"Машинное обучение"

Все об иерархической кластеризации

Алгоритм неконтролируемой кластеризации для иерархической кластеризации данных с общими характеристиками в отдельные группы

Из этой статьи вы узнаете.

  • Что такое иерархическая кластеризация и где она используется?
  • Два разных типа иерархической кластеризации - агломеративная и разделяющая кластеризация
  • Как алгоритм иерархической кластеризации работает с пониманием различных связей и показателей?
  • Что такое дендрограмма?
  • Нахождение оптимального количества кластеров на дендрограмме
  • Реализуйте иерархическую кластеризацию с помощью Python

Кластеризация - это наиболее распространенная форма обучения без учителя на немаркированных данных для объединения объектов с общими характеристиками в дискретные кластеры на основе меры расстояния.

Распространенные алгоритмы кластеризации

  • Кластеризация на основе центроидов, такая как KMeans, которая эффективна, но чувствительна к начальным условиям и выбросам.
  • Кластеризация на основе плотности, такая как DBSCAN, объединяет данные в область с высокой плотностью, разделенную областью с низкой плотностью.
  • Кластеризация на основе распределения, такая как модель Gaussian Mixture с использованием максимизации ожидания (EM), которая представляет собой генеративную вероятностную модель, которая пытается найти гауссовские распределения вероятностей, которые наилучшим образом моделируют набор данных.
  • Иерархическая кластеризация

Иерархическая кластеризация строит иерархию кластеров без предварительного указания количества кластеров на основе оценки сходства.

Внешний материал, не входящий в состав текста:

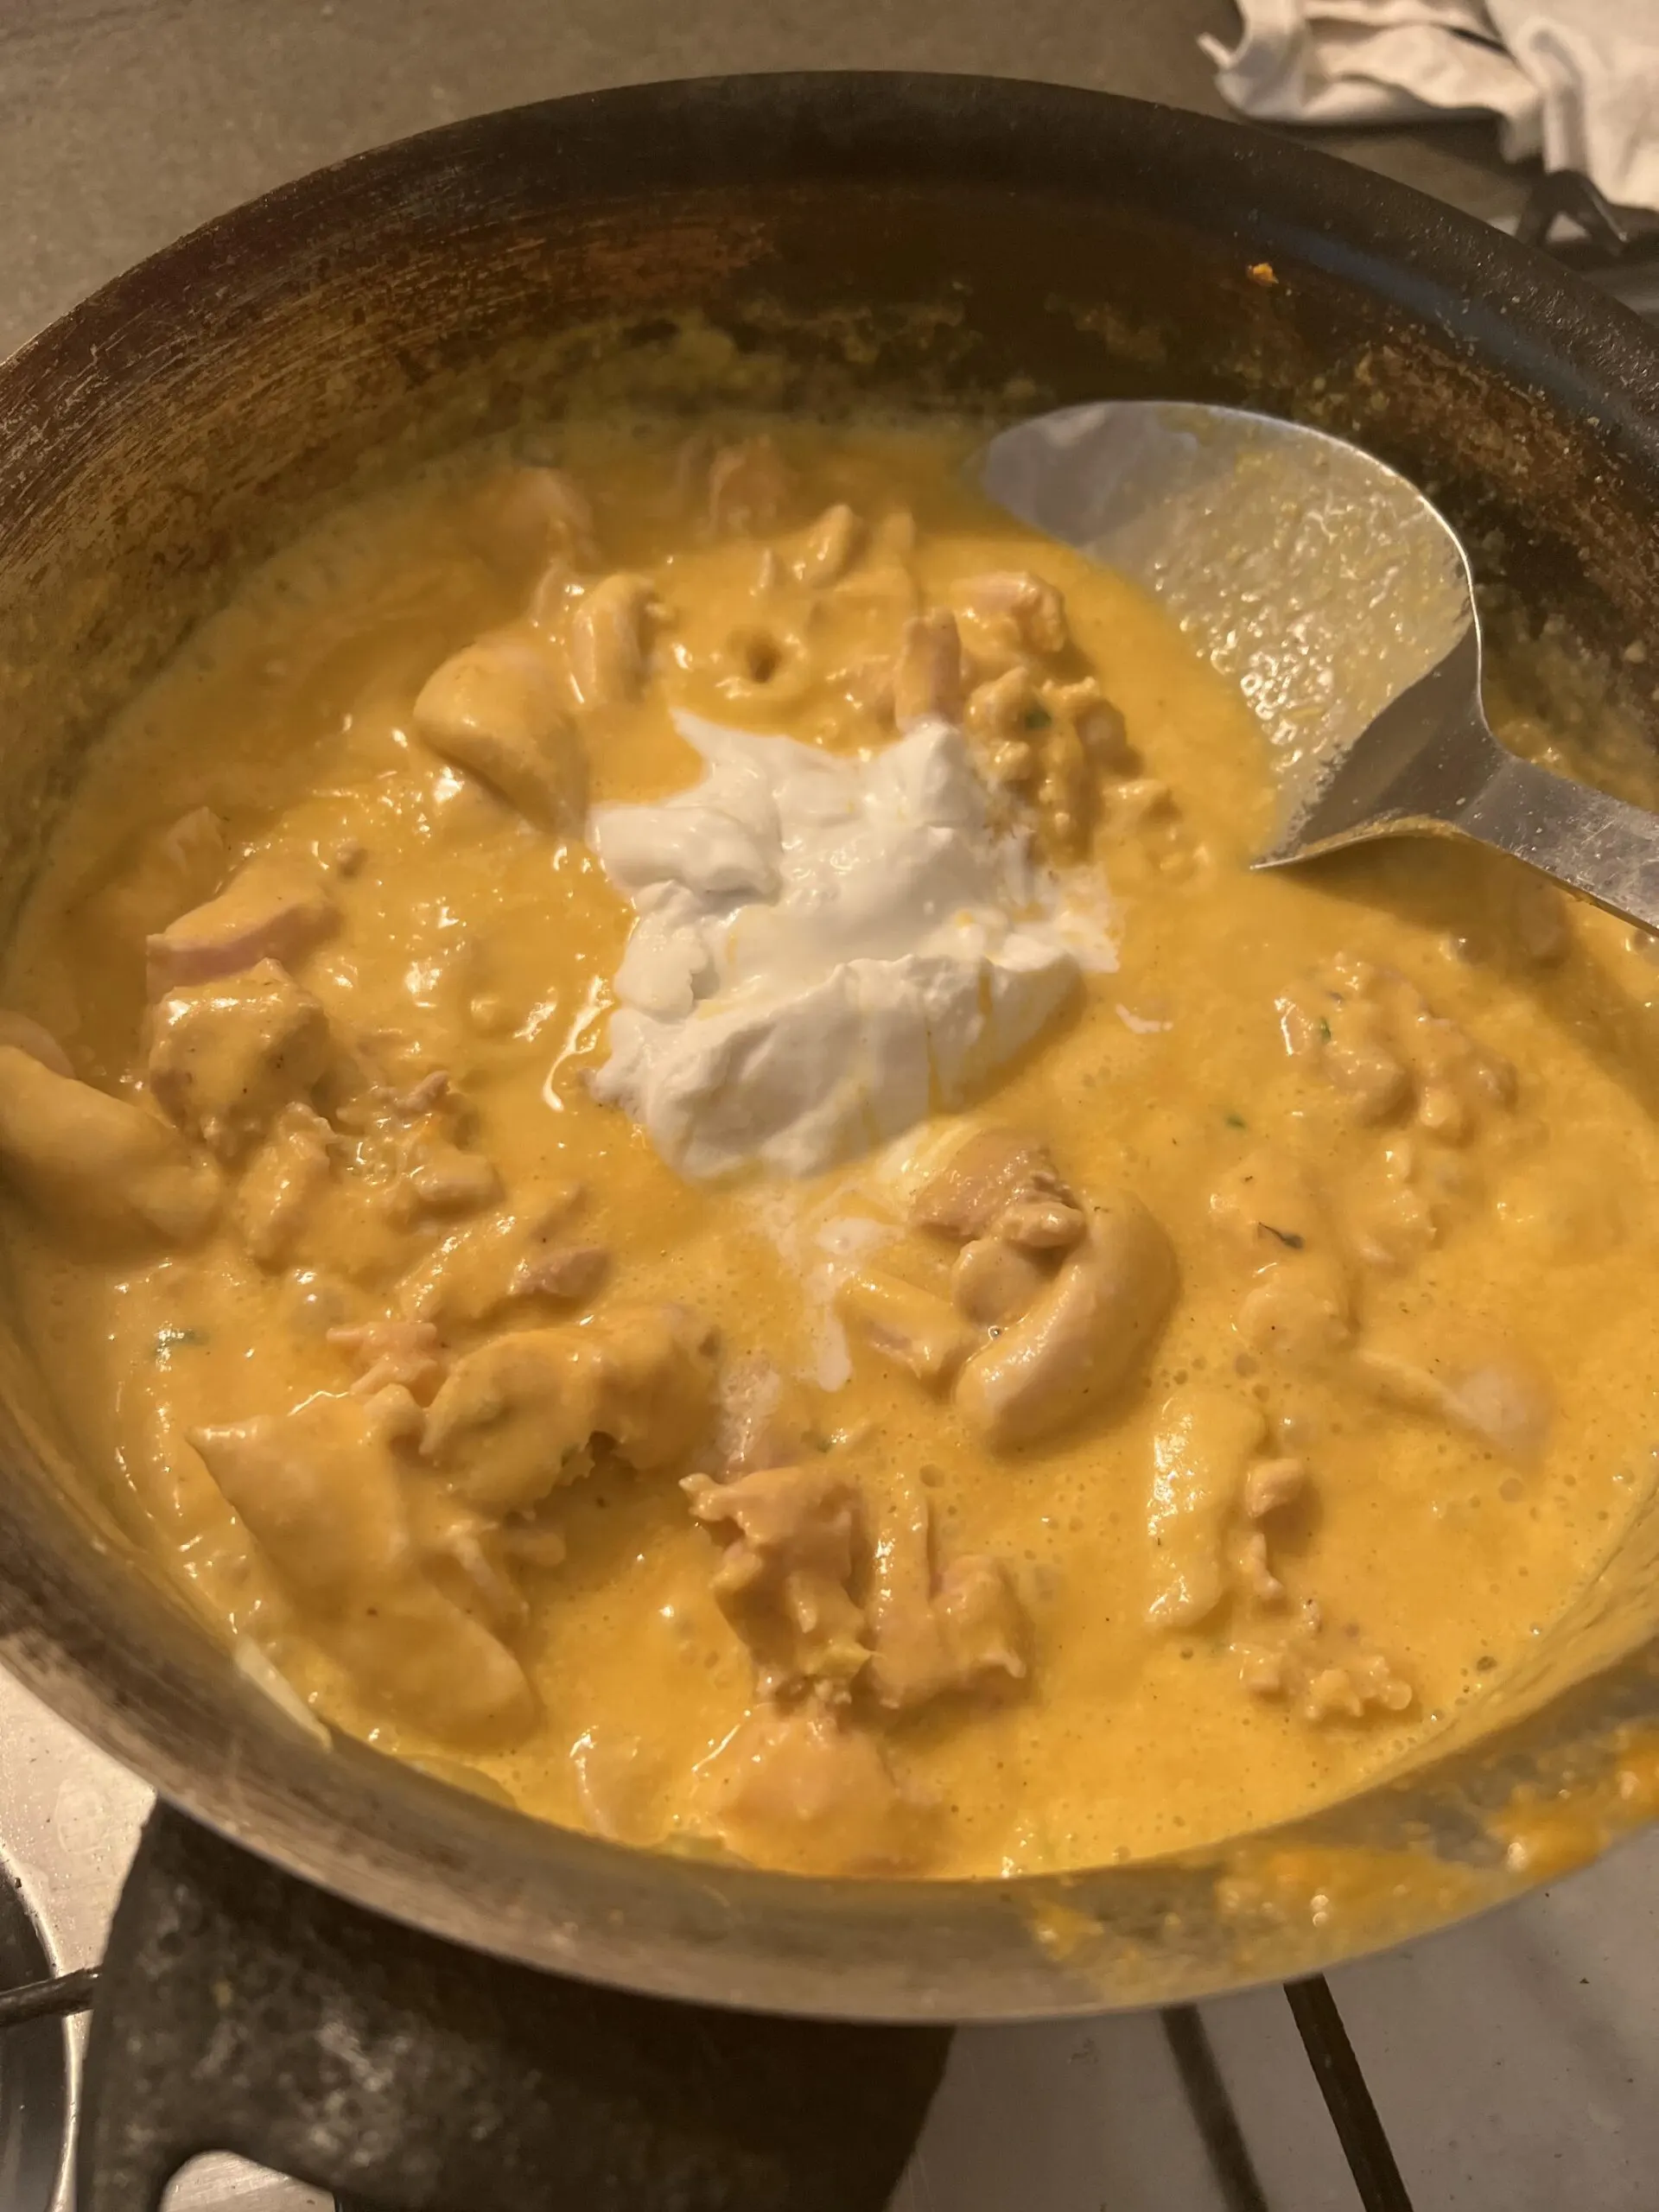 Adding coconut cream to the curry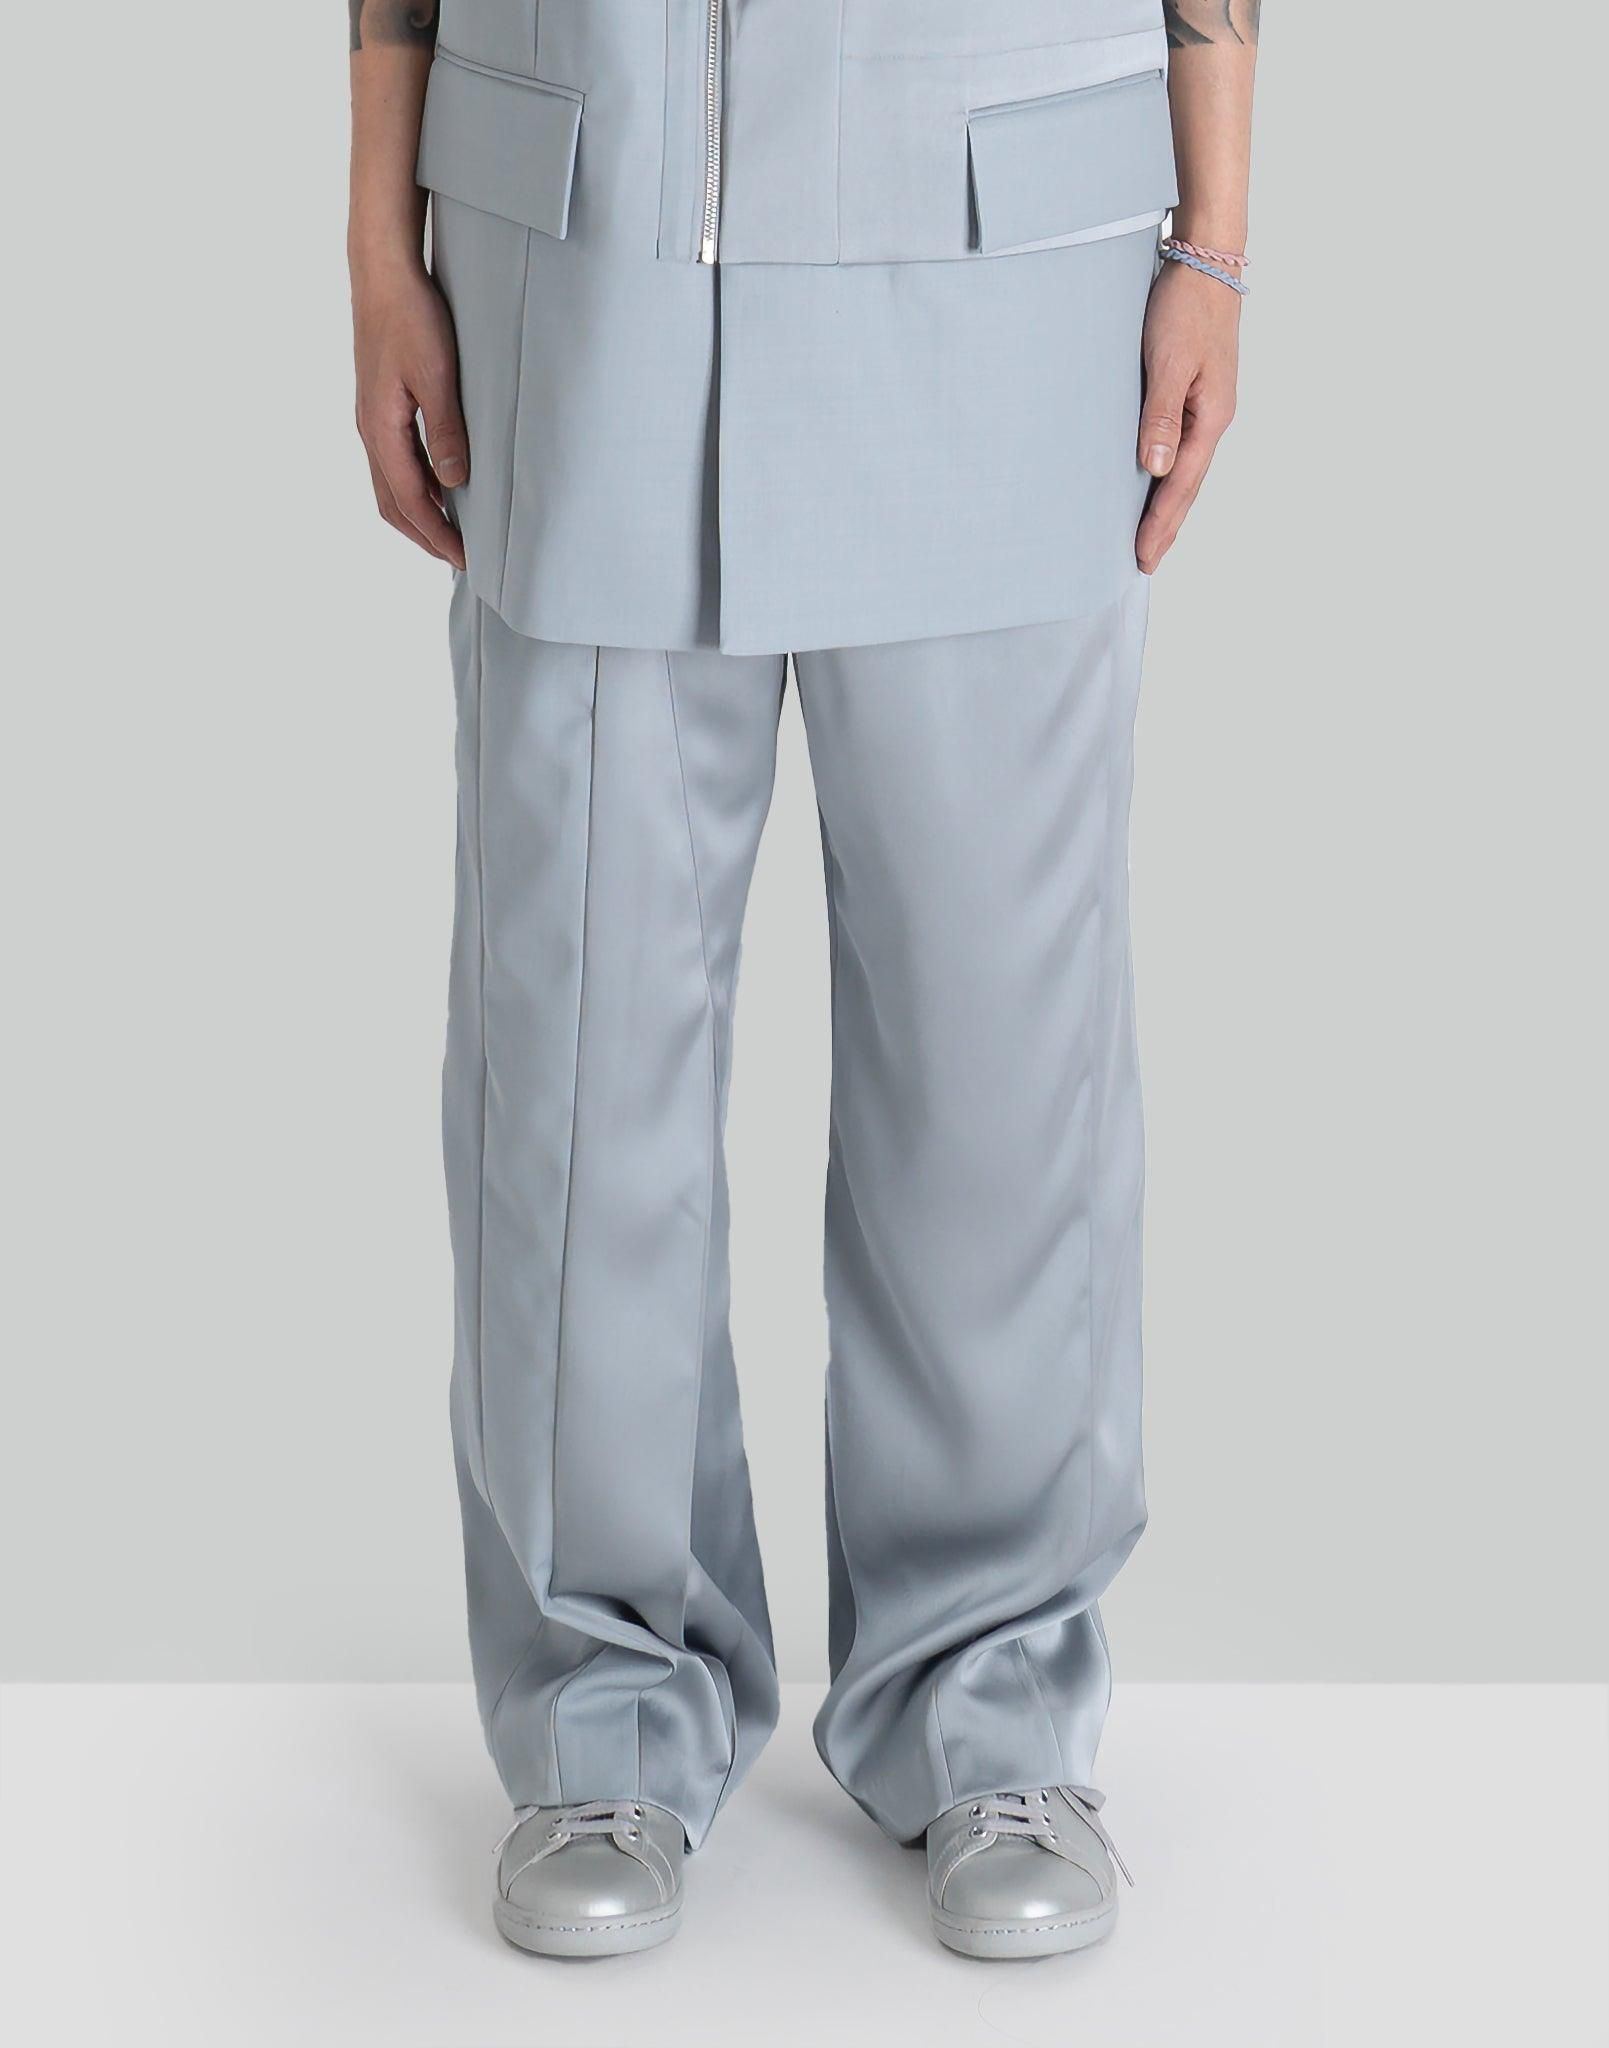 FENG CHEN WANG PLEATED SUIT TROUSERS – 082plus

Иерархическая кластеризация полезна для

  • Сегментация клиентов, где клиентов можно сегментировать по демографическим признакам, доходам или покупательским моделям.
  • Анализ социальных сетей, чтобы понять динамику отдельных лиц и групп на основе их интересов и доступа к доступной информации.
  • Размещение геномных данных в значимых биологических структурах на основе общих характеристик
  • Кластеризация городского планирования гарантирует, что коммерческая зона не входит в промышленную зону, а жилой район не входит в промышленную зону.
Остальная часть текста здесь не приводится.